#### TO DO
Retype the listing found below exactly, but leave out each picture.

#### INFORMATION PROVIDED
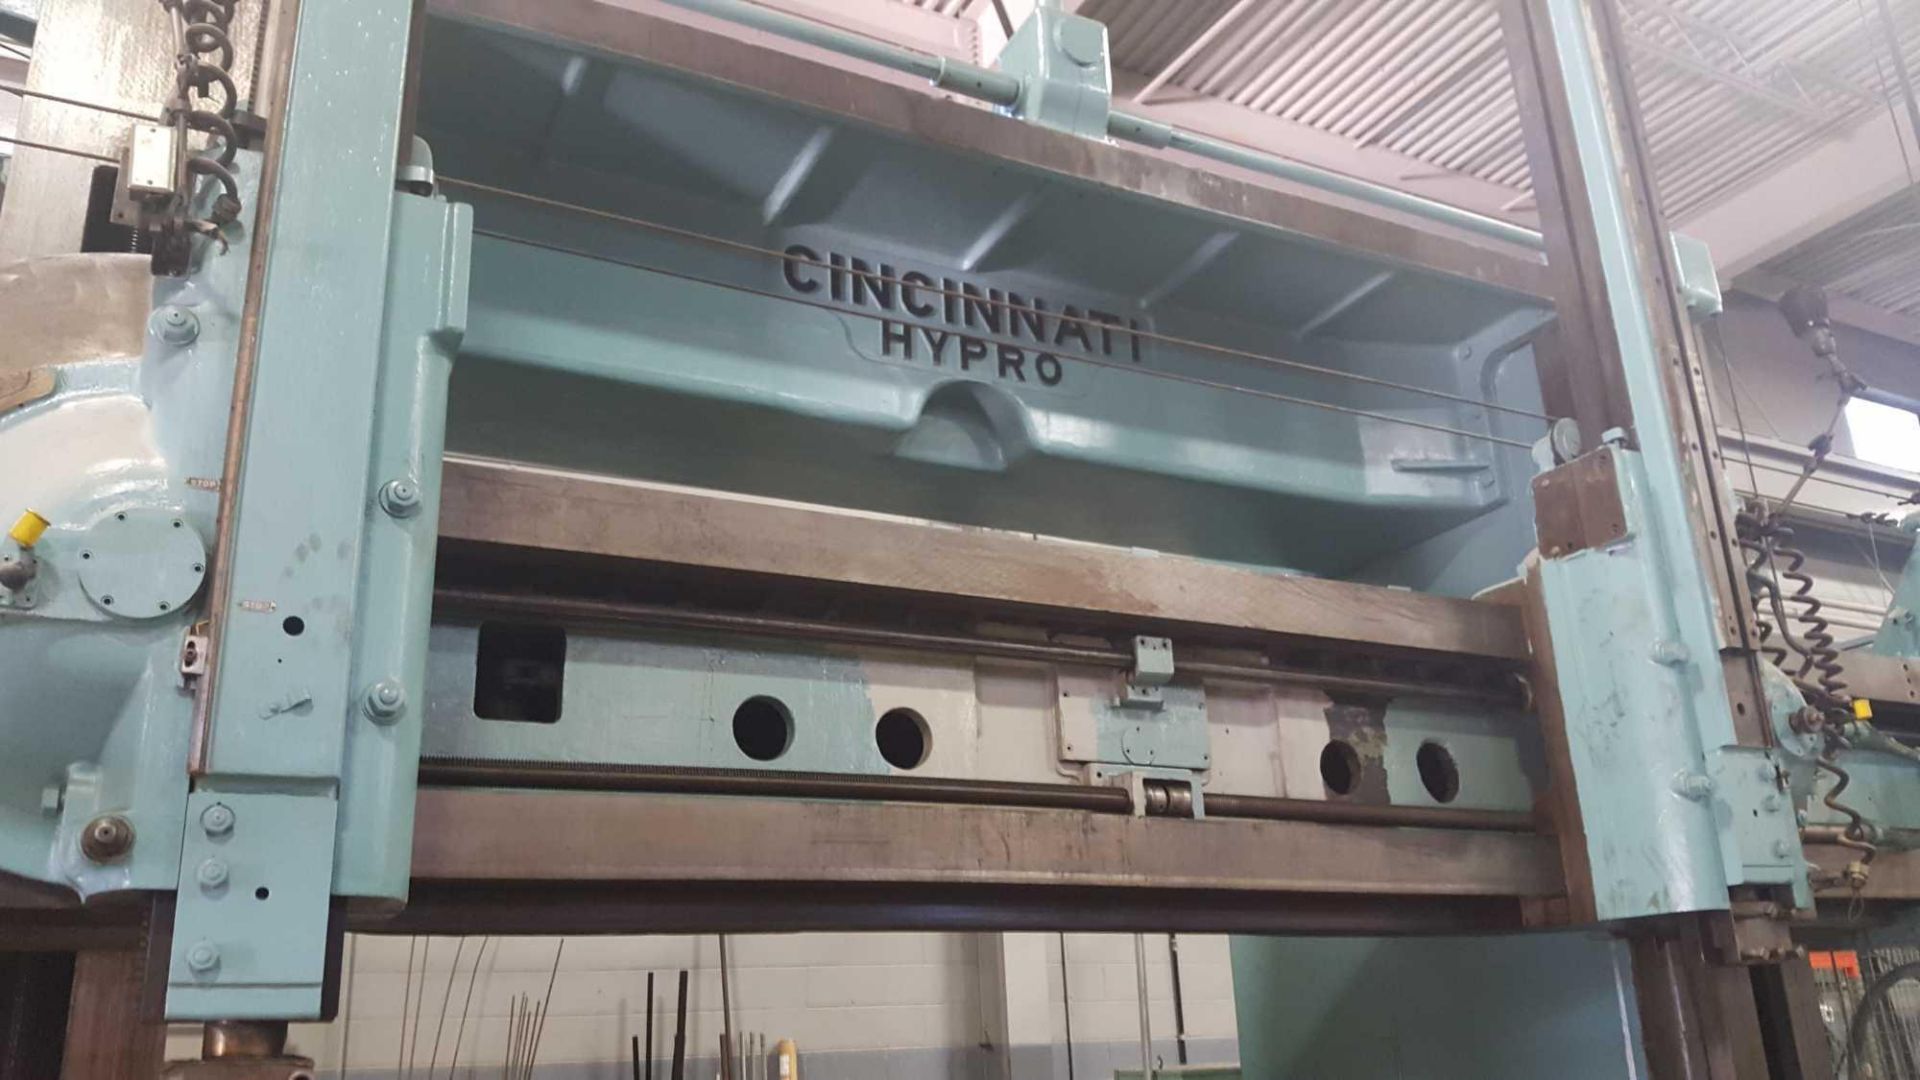 Cincinnati Hypro Vertical Boring mill, 144" diameter table, 150" swing, 150 hp, dimensions: 25' wide - Image 9 of 9
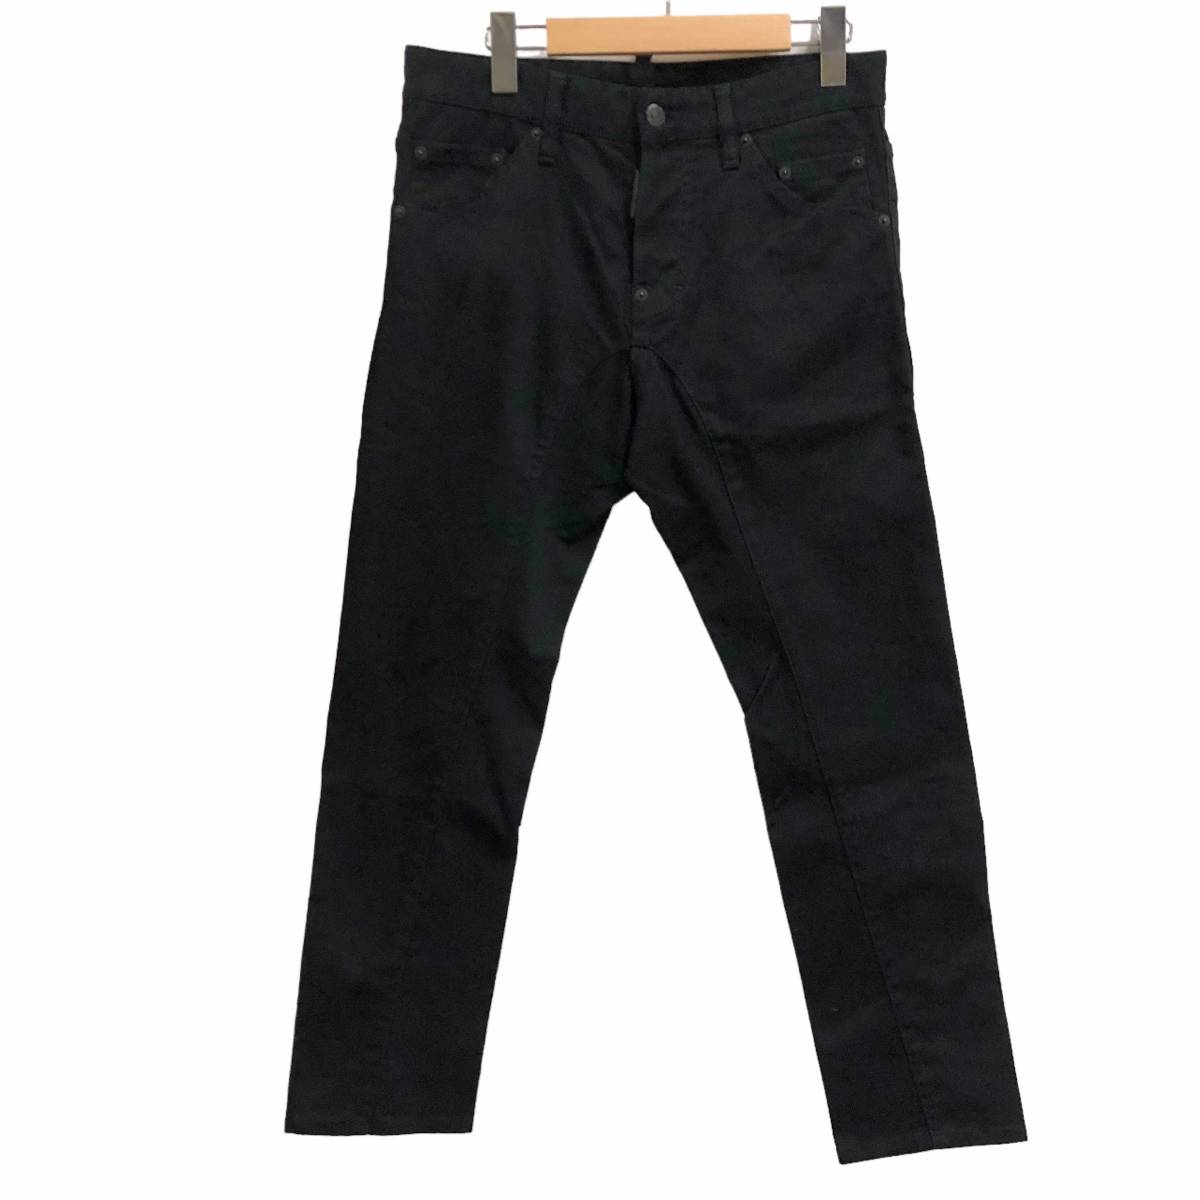 DSQUARED2 Dsquared Black Twisted Jeans черный кручение джинсы Denim S74LA0383 размер 44 магазин квитанция возможно 
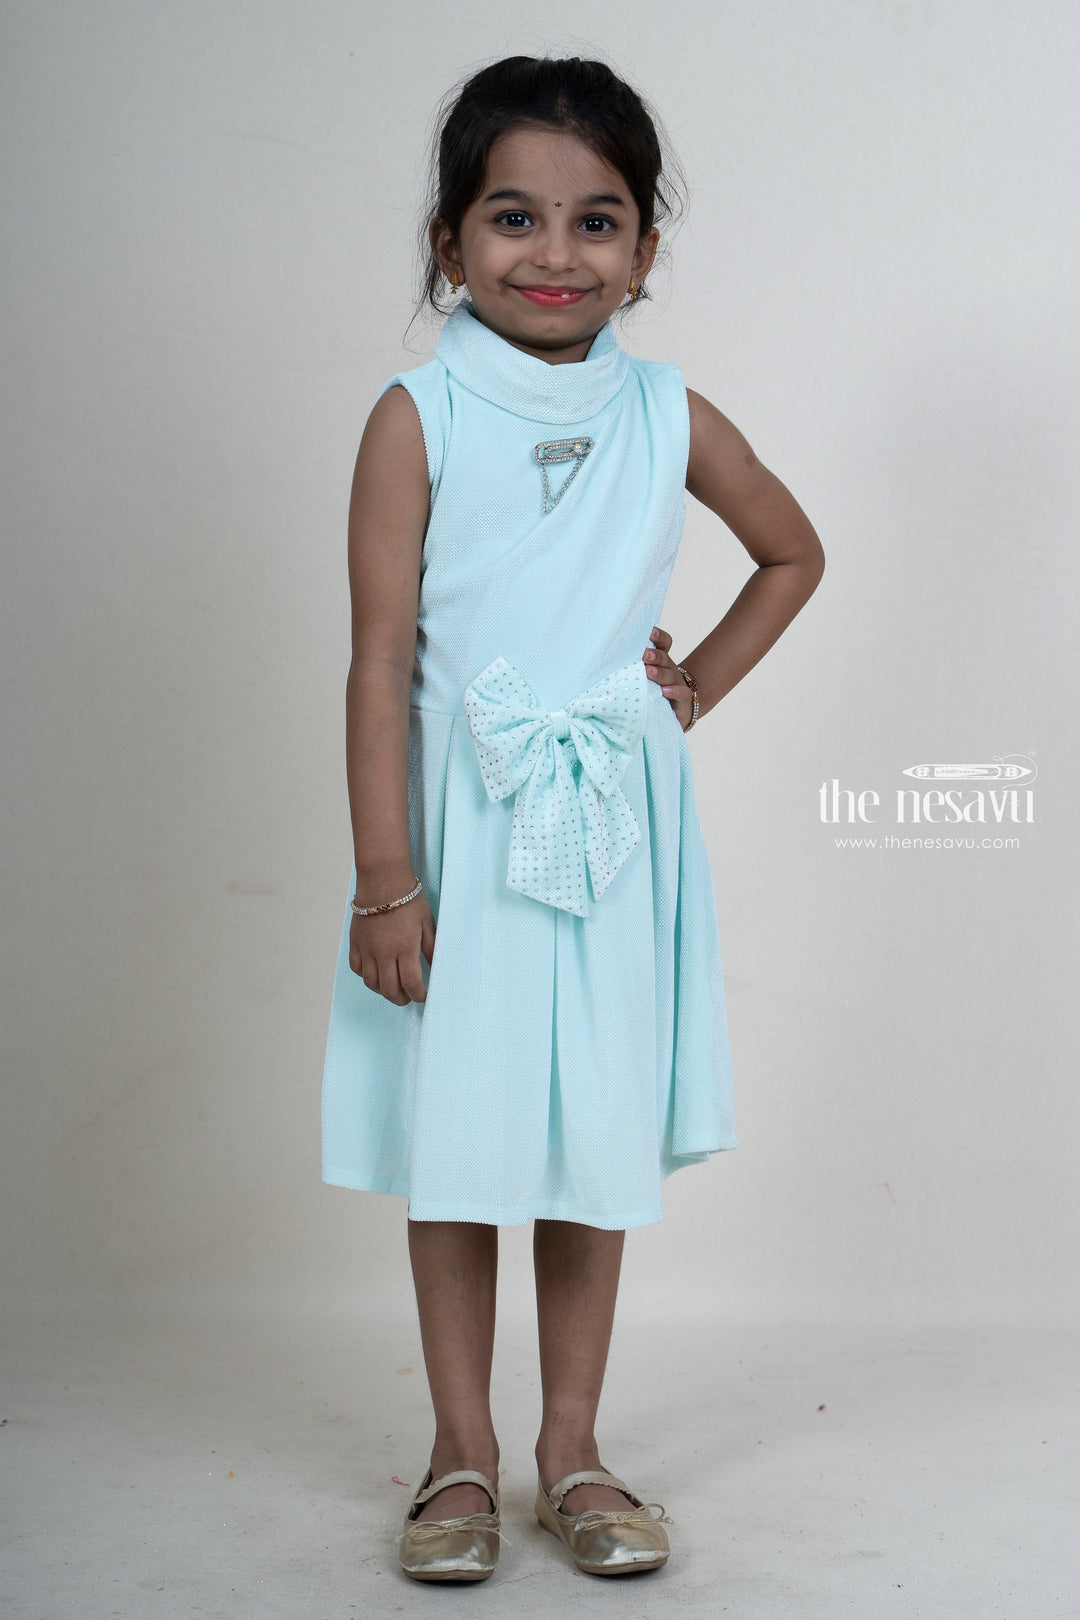 The Nesavu Baby Frock / Jhabla Skyblue Velvet Designer Bow Embellished Party Wear Dresses For Girls psr silks Nesavu 14 (6M) / cyan BFJ234C
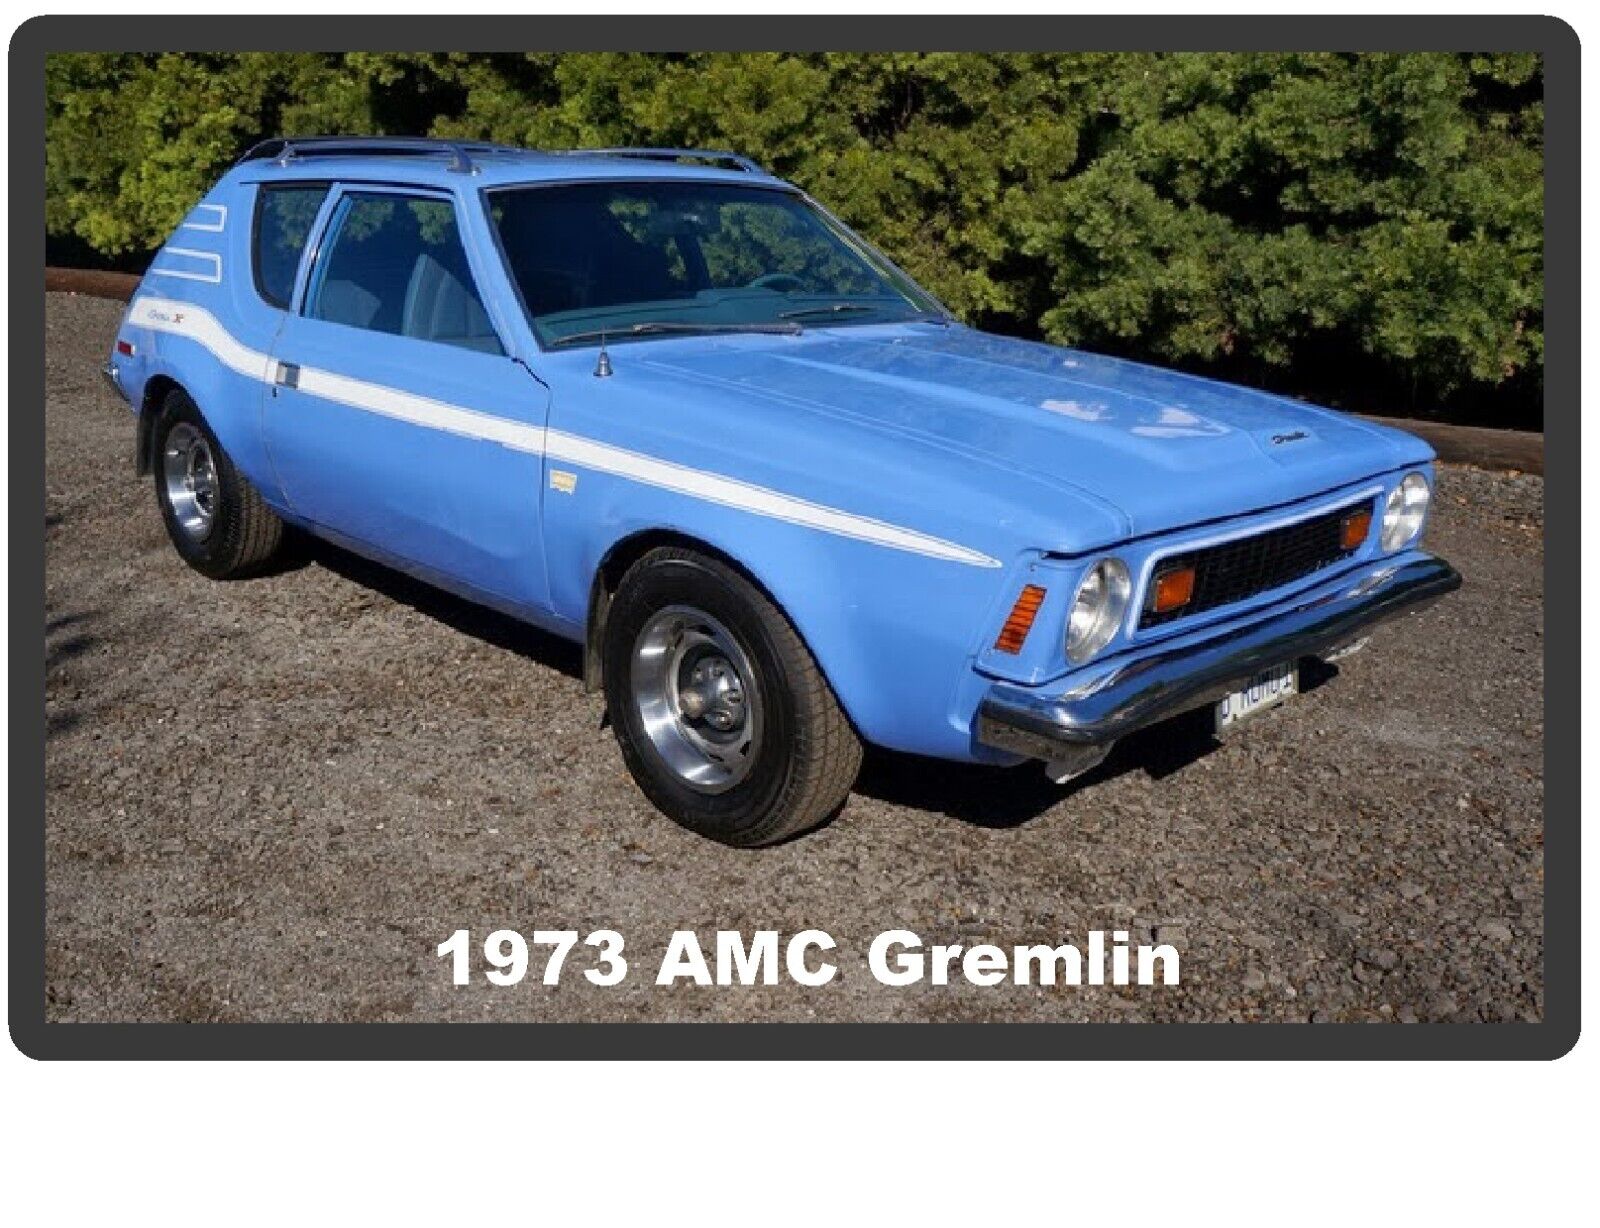 1973 AMC Gremlin Auto Refrigerator / Tool Box Magnet

#### YOUR RESPONSE
 Cincinnati Hypro Vertical Boring mill, 144" diameter table, 150" swing, 150 hp, dimensions: 25' wide - Image 9 of 9
 DSQUARED2 Dsquared Black Twisted Jeans черный кручение джинсы Denim S74LA0383 размер 44 магазин квитанция возможно 
 The Nesavu Baby Frock / Jhabla Skyblue Velvet Designer Bow Embellished Party Wear Dresses For Girls psr silks Nesavu 14 (6M) / cyan BFJ234C
 1973 AMC Gremlin Auto Refrigerator / Tool Box Magnet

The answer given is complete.